Oklahoma Supreme Court Rejects Reparations Claim for Tulsa Race Massacre
[LI] The court rejected the "new ’unlimited and unprincipled’ form of liability" siding with the massacre victims would have created.
The Oklahoma Supreme Court today rejected a reparations claim from survivors of the 1921 Tulsa Race Massacre.
…over a century ago. How many survivors still live? | The plaintiffs made two claims: public nuisance and unjust enrichment.
The high court affirmed a lower court’s dismissal of the claims, which resulted in this appeal, as Legal Insurrection reported.
The plaintiffs’ public nuisance claim alleged they "continue[d] to face racially disparate treatment and City-created barriers to basic human needs" after the massacre.

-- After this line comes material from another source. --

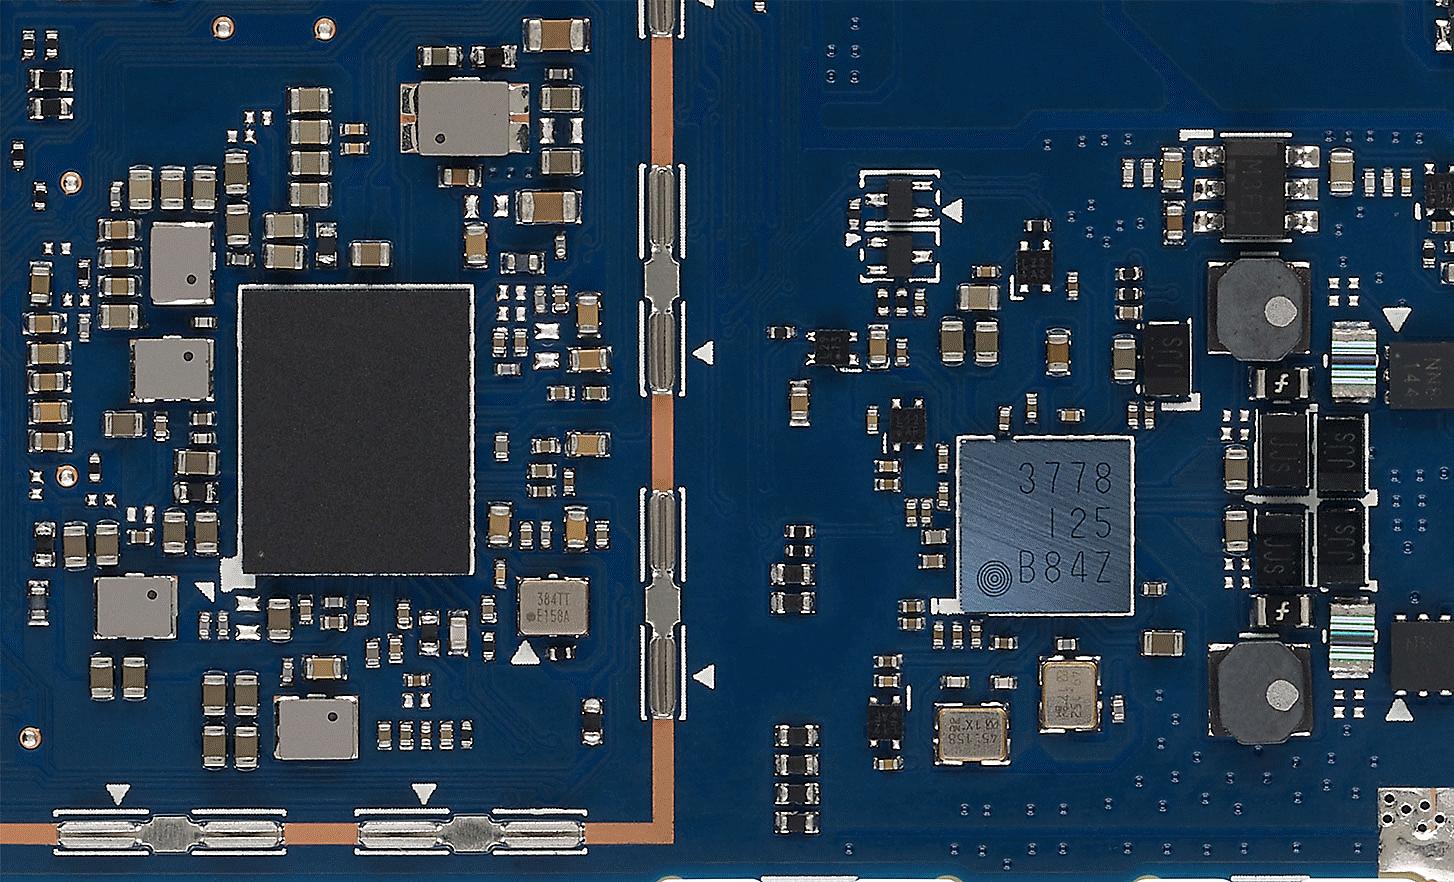 Εικόνα που δείχνει τα εξαρτήματα κορυφαίας τεχνολογίας μέσα στο περίβλημα της συσκευής NW-A306.

The plaintiffs’ unjust enrichment claim "alleged that Defendants appropriated the name ’Black Wall Street,’ a moniker for the [destroyed] Greenwood neighborhood" in tourism materials "without returning any of those benefits to members of the community" and thus unjustly enriching themselves.
OKLAHOMA SUPREME COURT’S HOLDING
"We . . . hold that Plaintiffs’ grievances do not fall within the scope of our state’s public nuisance statute," the decision reads, "and Plaintiffs’ allegations do not support a claim for . . . unjust enrichment."
The court rejected the plaintiffs’ argument that the "lingering consequences" of the massacre created a public nuisance: "The continuing blight alleged . . . implicates generational-societal inequities that can only be resolved by policymakers—not the courts."
"Today’s holding," the court continued, "is consistent with our recent public nuisance jurisprudence: expanding public nuisance liability to include lingering social inequities from historical tragedies and injustices runs the risk of creating a new ’unlimited and unprincipled’ form of liability."